La Corte di Cassazione, con la sentenza n. 22012 del 12 luglio 2022 affronta il delicato tema riguardante l'uso del cortile condominiale.
Nel caso affrontato dalla Corte alcuni proprietari agivano in giudizio alcuni proprietari per ottenere la condanna dei condòmini che usavano la corte per la sosta dei propri veicoli, contrariamente al rogito che invece concedeva loro solamente il diritto di passo, senza possibilità di parcheggio, nemmeno temporaneo.
I convenuti ritenevano invece che la corte fosse condominiale e che, pertanto, essa potesse essere utilizzata anche per la sosta dei veicoli, ovviamente nel rispetto dei diritti degli altri condòmini.

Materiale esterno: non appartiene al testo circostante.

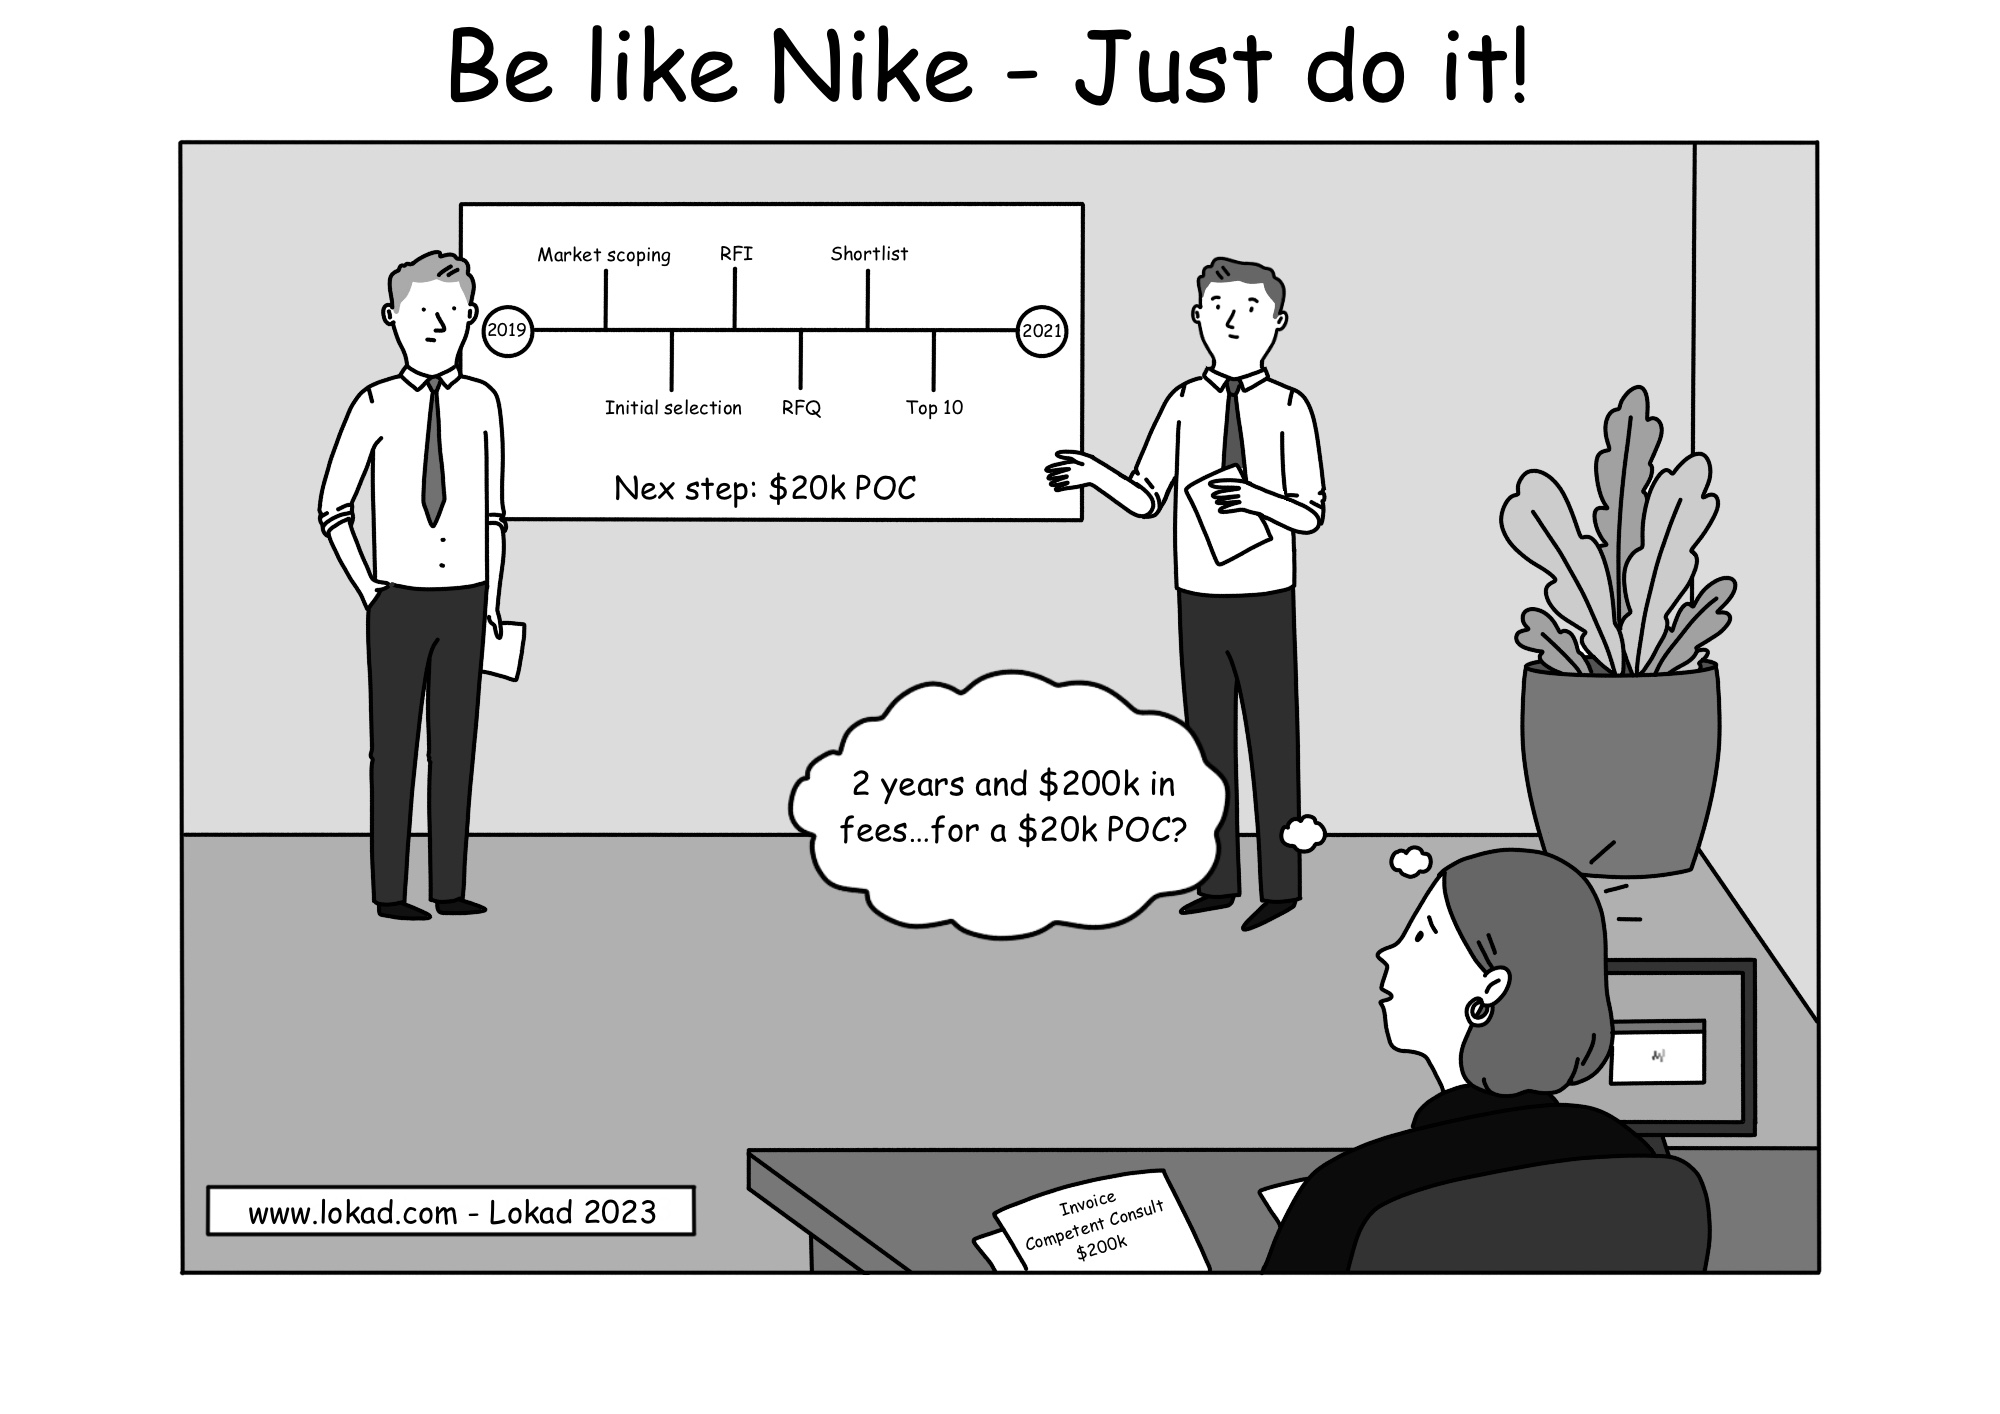 Be like Nike - just do it!

La Corte di Cassazione stronca gli attori in quanto se non viene fornita una rigorosa prova del fatto che la corte sia di proprietà esclusiva, essa deve intendersi comune.
Il cortile, infatti, è quasi sempre condominiale, in quanto l'elenco delle parti comuni di cui all'art. 1117 cod. civ. non costituisce una mera presunzione vincibile con ogni mezzo, bensì una vera e propria scelta del legislatore che può essere "sconfitta" solamente se si dimostra che il titolo di proprietà asserisce il contrario oppure che, attese le caratteristiche strutturali del bene, esso non possa che essere esclusivo.

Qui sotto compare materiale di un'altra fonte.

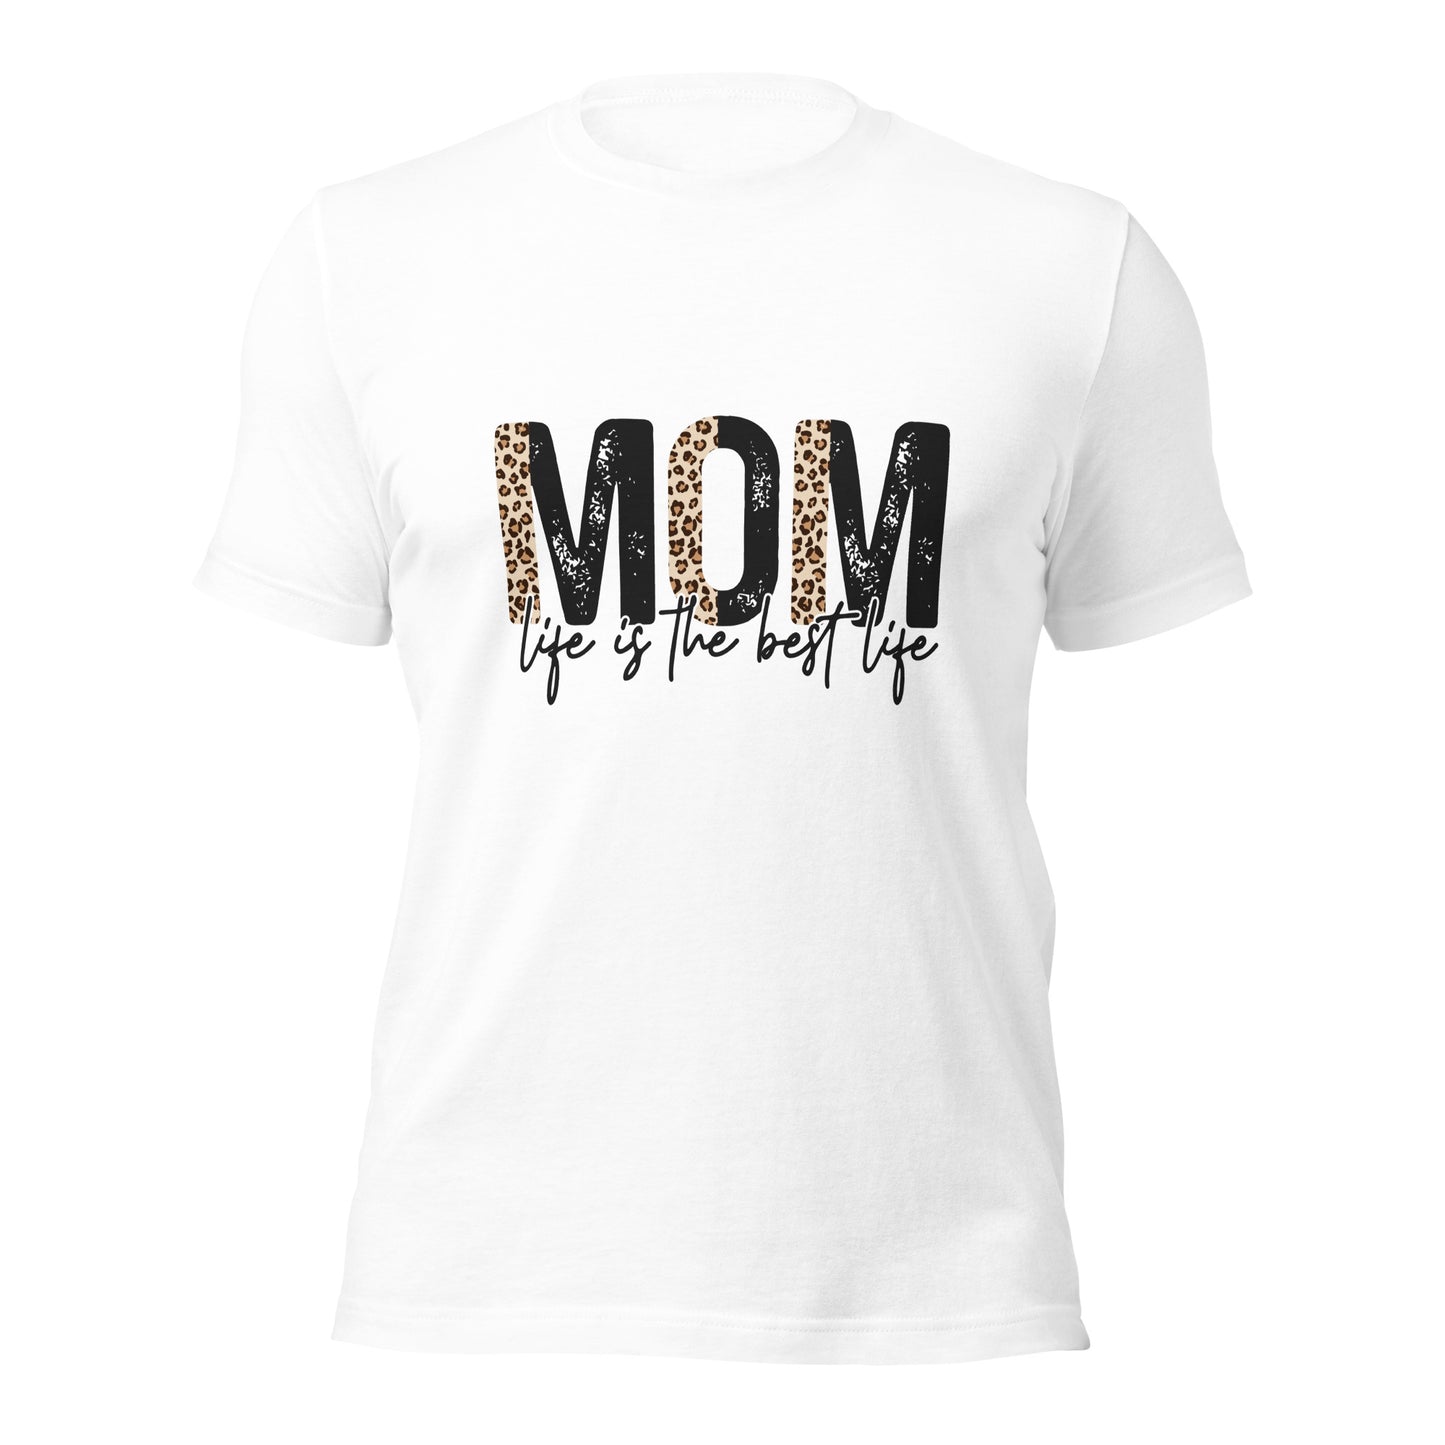 Mom Best Life - Soft Organic Cotton Tshirt for Women

In relazione ai cortili, in particolare, viene affermato affermato che l'apertura di finestre ovvero la trasformazione di luci in vedute su un cortile comune rientra nei poteri spettanti ai singoli condomini ai sensi dell'art. 1102 c.c., considerato che i cortili comuni, assolvendo alla precipua finalità di dare aria e luce agli immobili circostanti, sono utilmente fruibili a tale scopo dai condomini stessi, cui spetta la facoltà di praticare aperture che consentano di ricevere, appunto, aria e luce dal cortile comune o di affacciarsi sullo stesso, senza incontrare le limitazioni prescritte, in materia di luci e vedute, a tutela dei proprietari degli immobili di proprietà esclusiva.
In proposito, l'indagine del giudice di merito deve essere indirizzata a verificare esclusivamente se l'uso della cosa comune sia avvenuto nel rispetto dei limiti stabiliti dal citato art. 1102, e, quindi, se non ne sia stata alterata la destinazione e sia stato consentito agli altri condòmini di farne parimenti uso secondo i loro diritti: una volta accertato che l'uso del bene comune sia risultato conforme a tali parametri deve, perciò, escludersi che si sia potuta configurare un'innovazione vietata (Cass., sent. del 09 giugno 2010).

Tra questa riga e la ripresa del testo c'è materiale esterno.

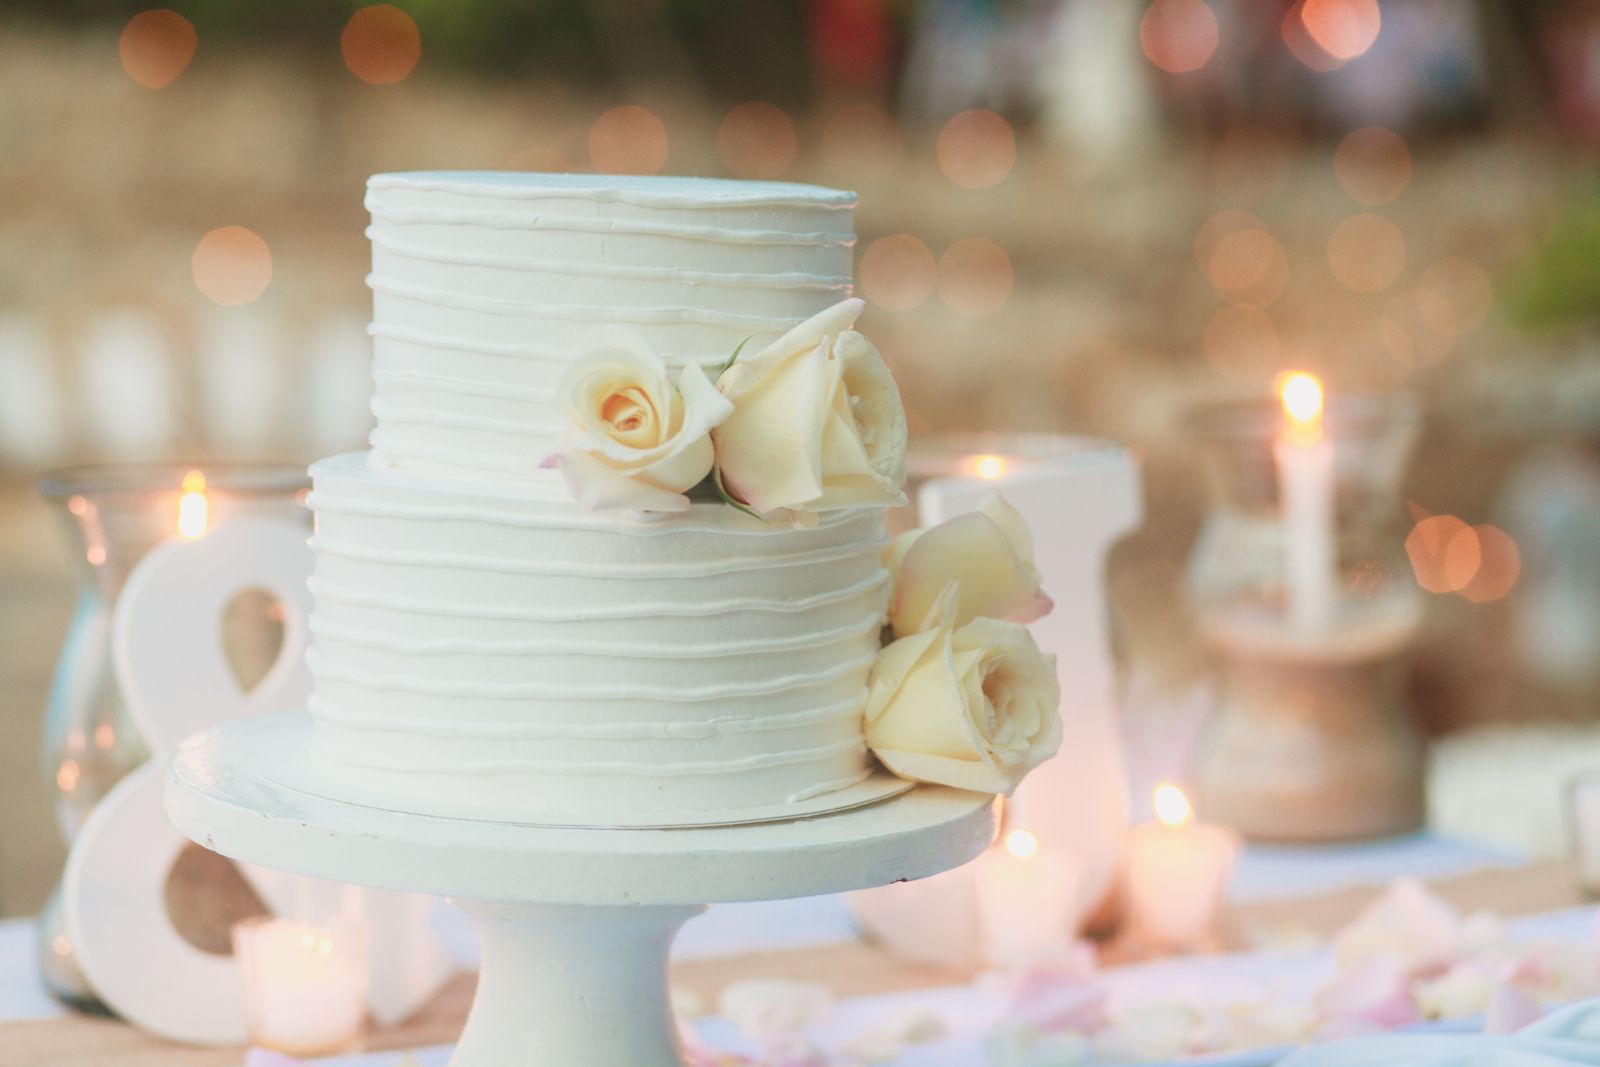 Wedding cakes- Inspiration,decorations,themes..

Il cortile del fabbricato, dunque, assolve alla primaria funzione di fornire aria e luce alle varie unità immobiliari che presentano aperture su di esso, e per questo motivo esso rientra nell'ambito delle parti comuni dell'edificio.
In conclusione, non si può impedire il parcheggio nella corte, a meno che non si dimostri che essa non sia comune in base al titolo di proprietà.